● What this task involves:
Records follow. Print exactly the lines from the one that has "La Canon EOS" through the one that has "Polo Ralph Lauren", inclusive, and omit the pictures.

● Exercise inputs:

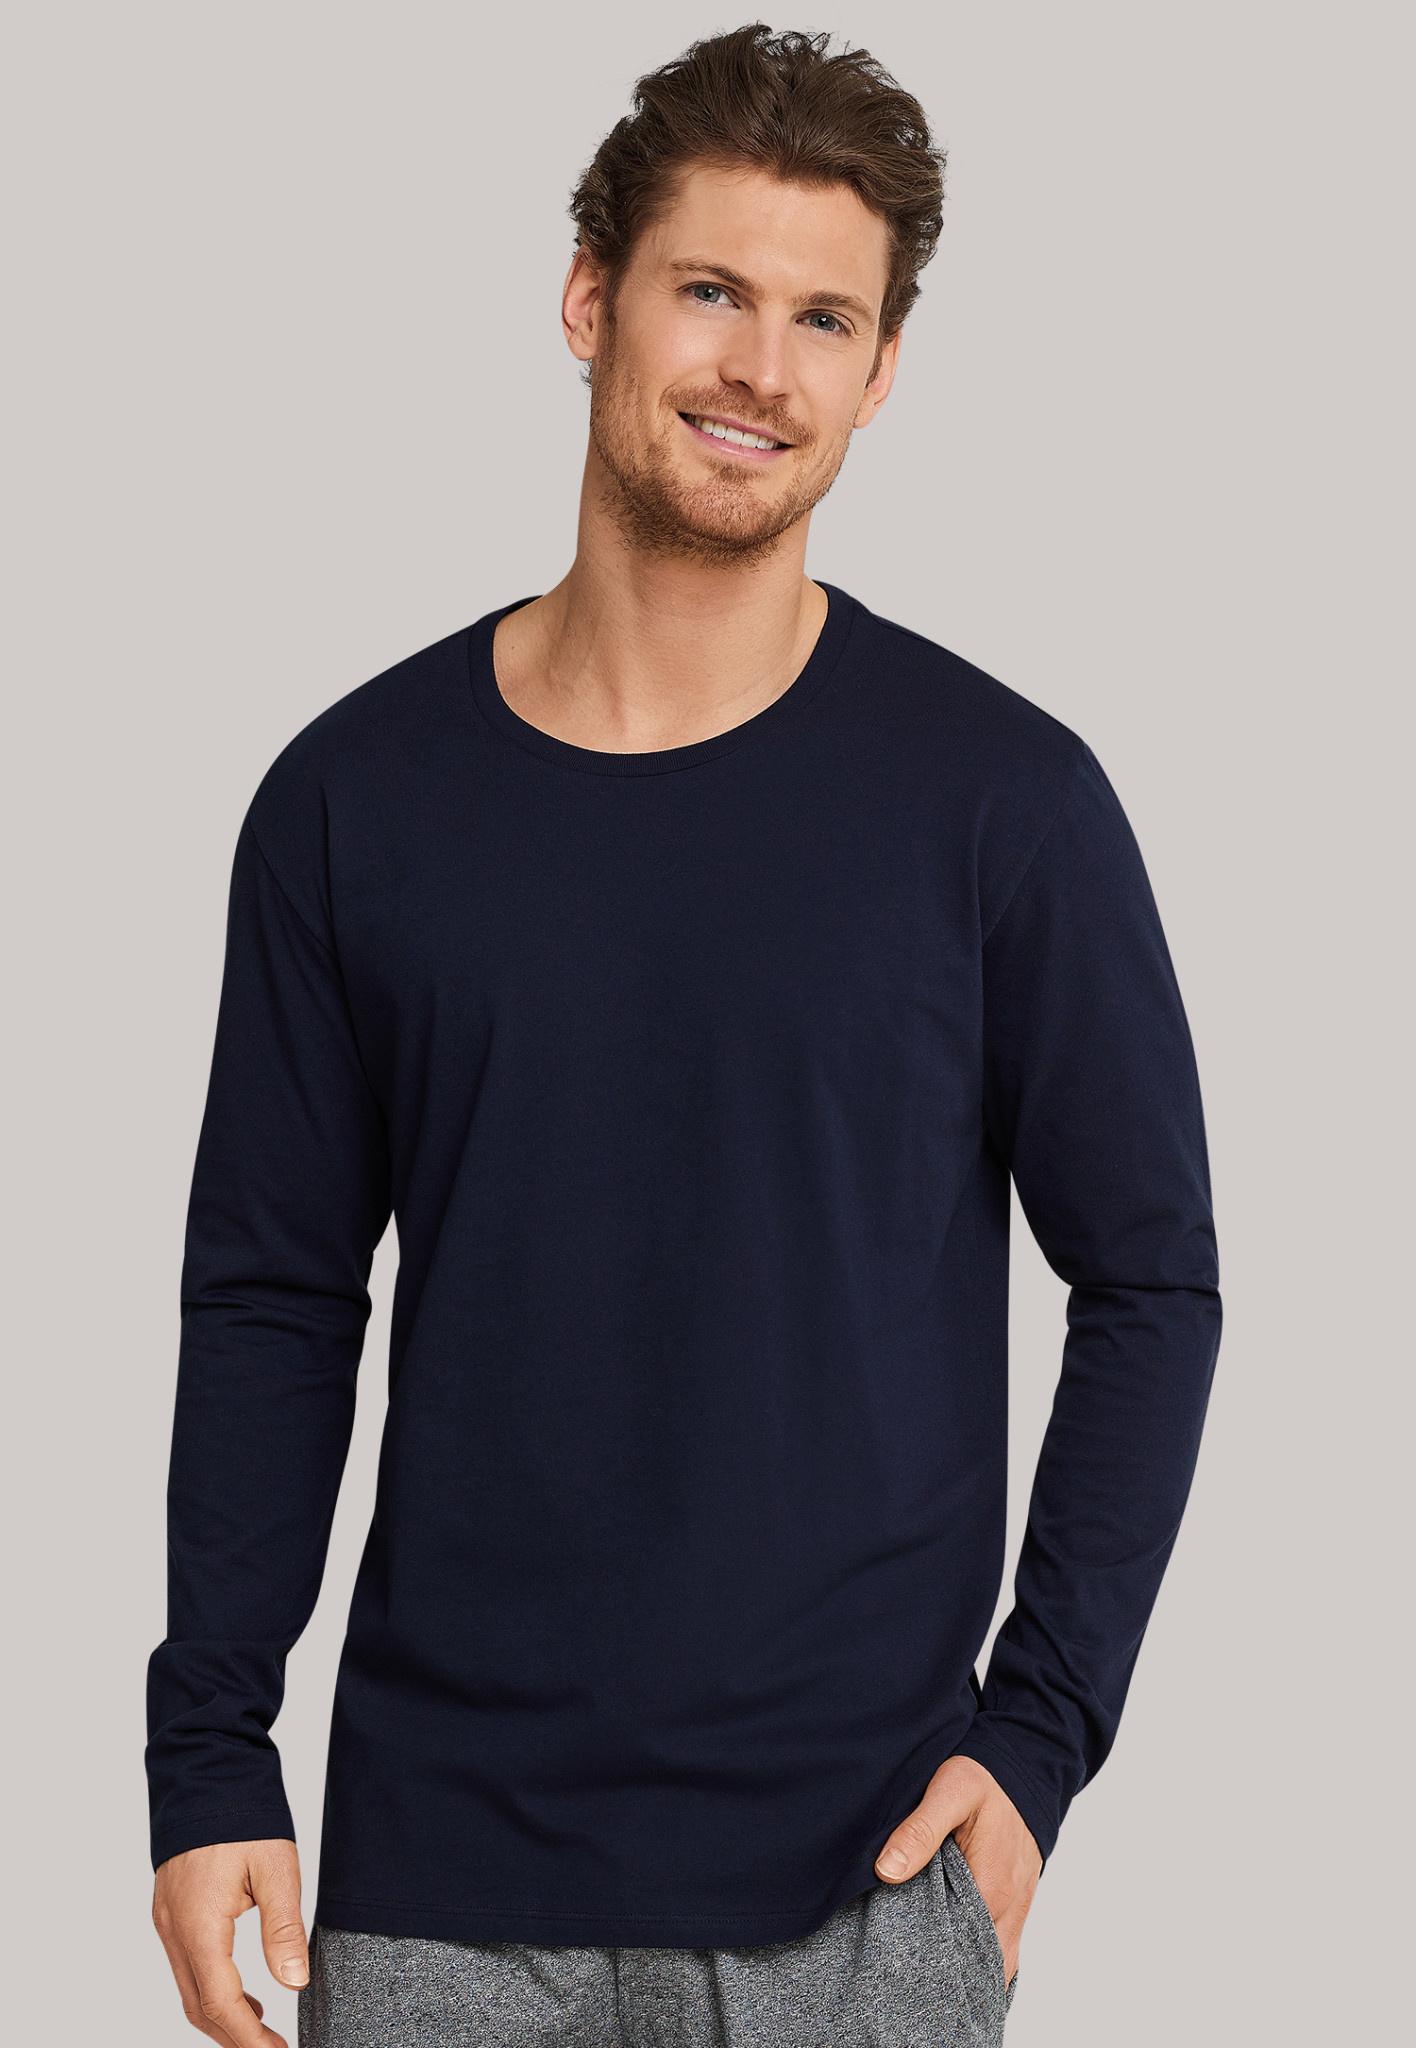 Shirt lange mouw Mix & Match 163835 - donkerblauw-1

--

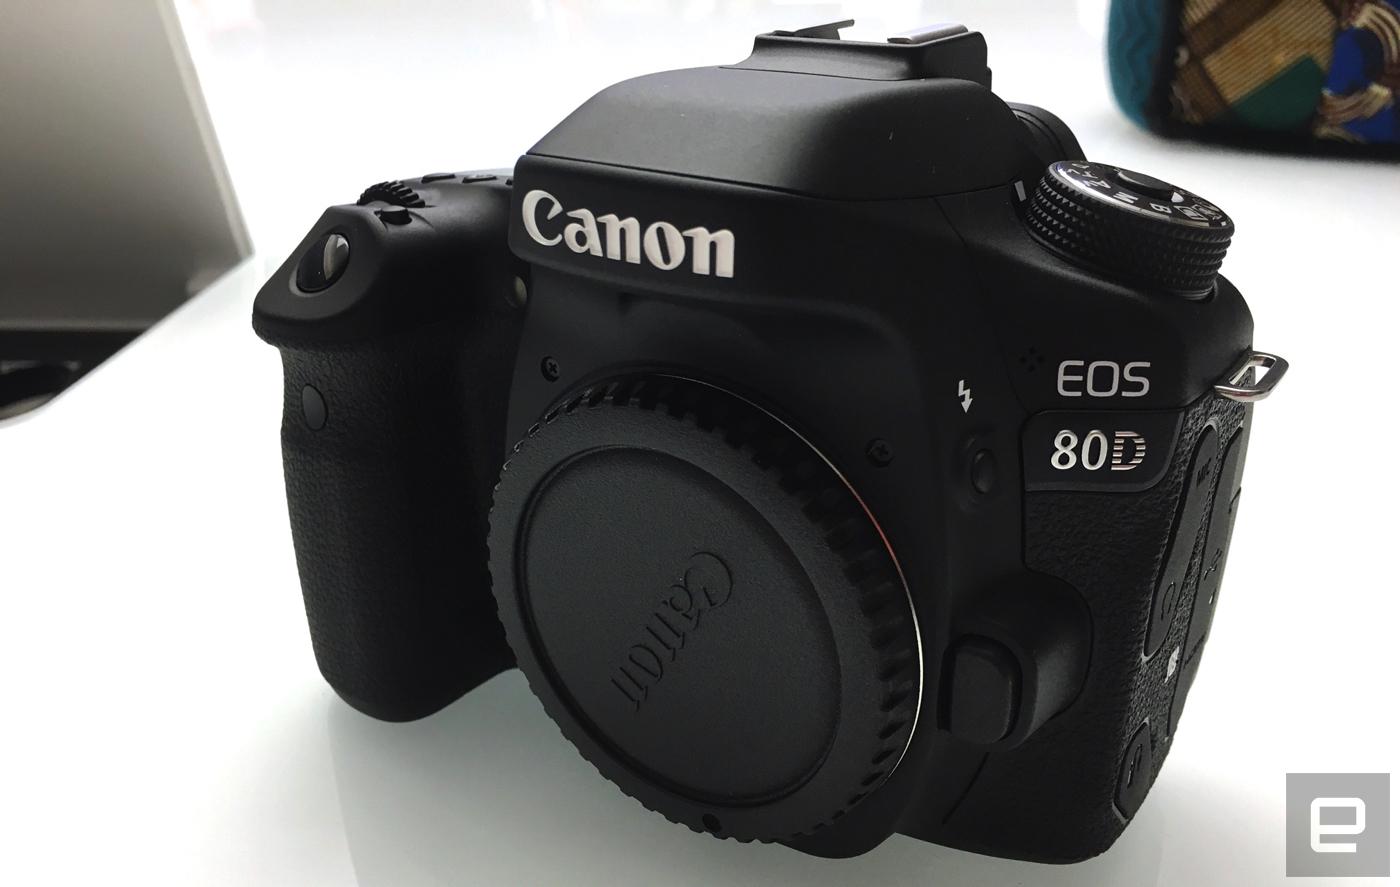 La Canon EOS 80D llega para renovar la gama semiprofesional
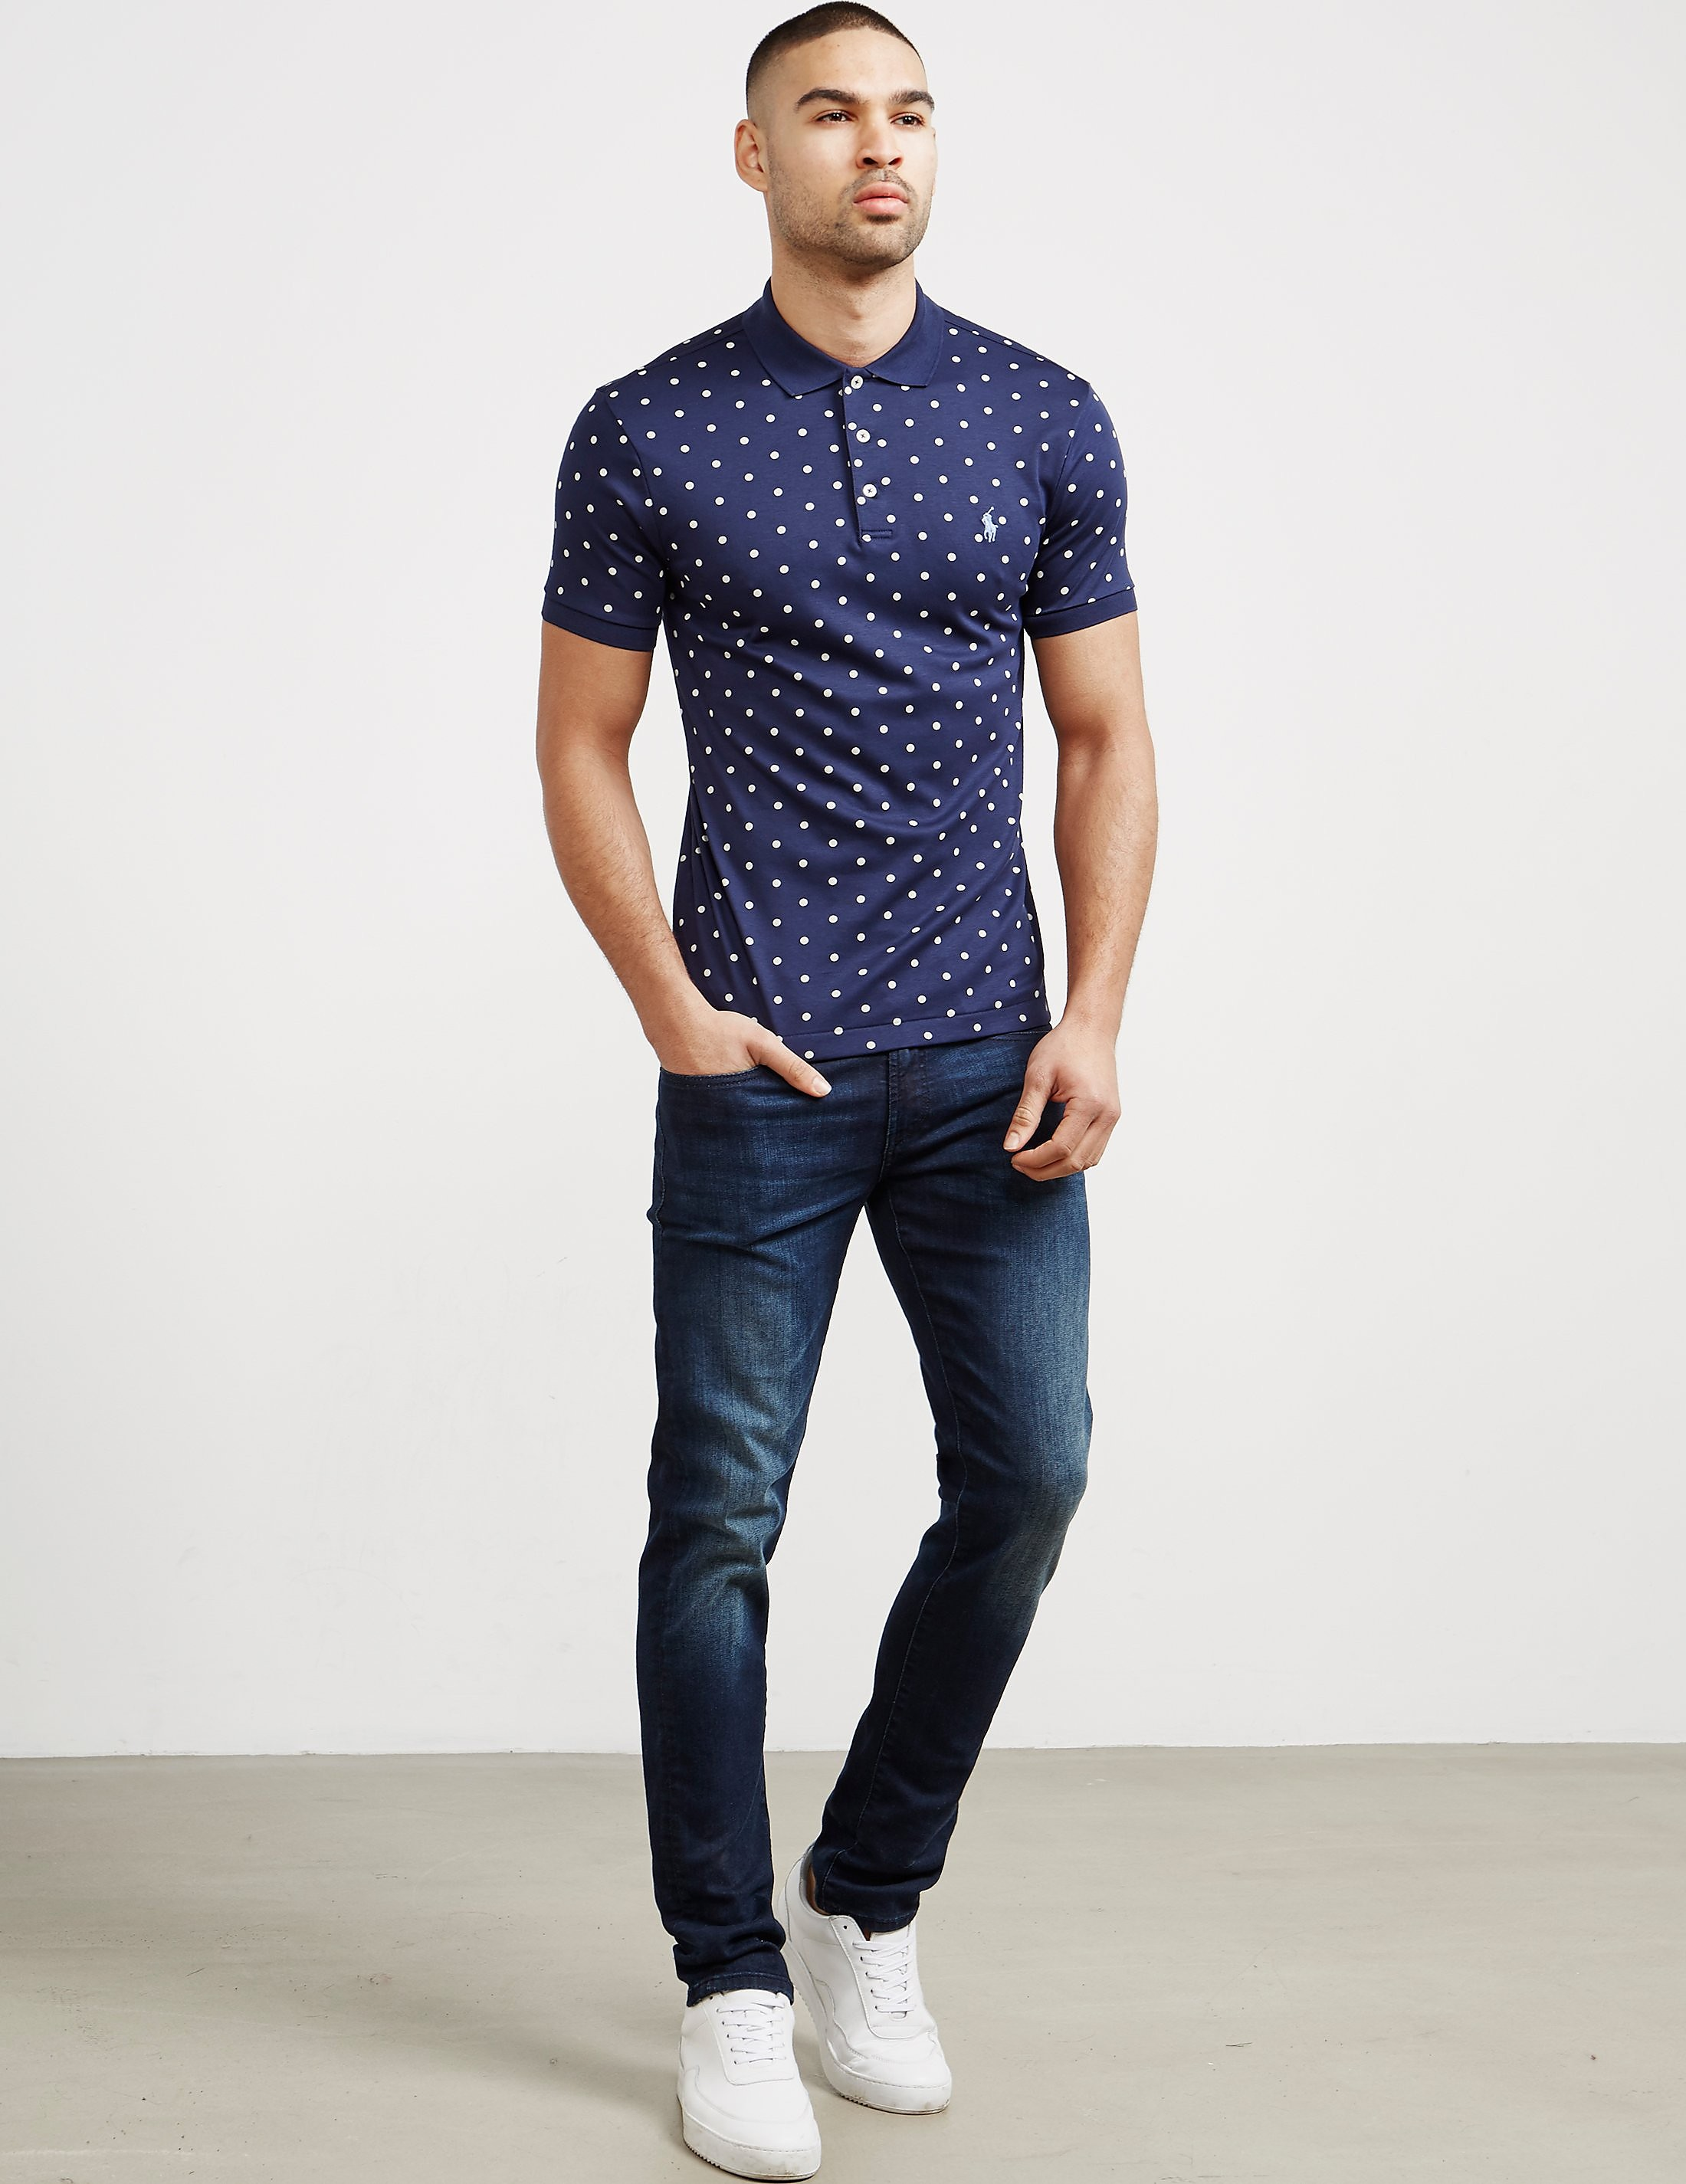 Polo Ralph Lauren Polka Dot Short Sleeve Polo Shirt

● Solution to the problem:
 La Canon EOS 80D llega para renovar la gama semiprofesional
 Polo Ralph Lauren Polka Dot Short Sleeve Polo Shirt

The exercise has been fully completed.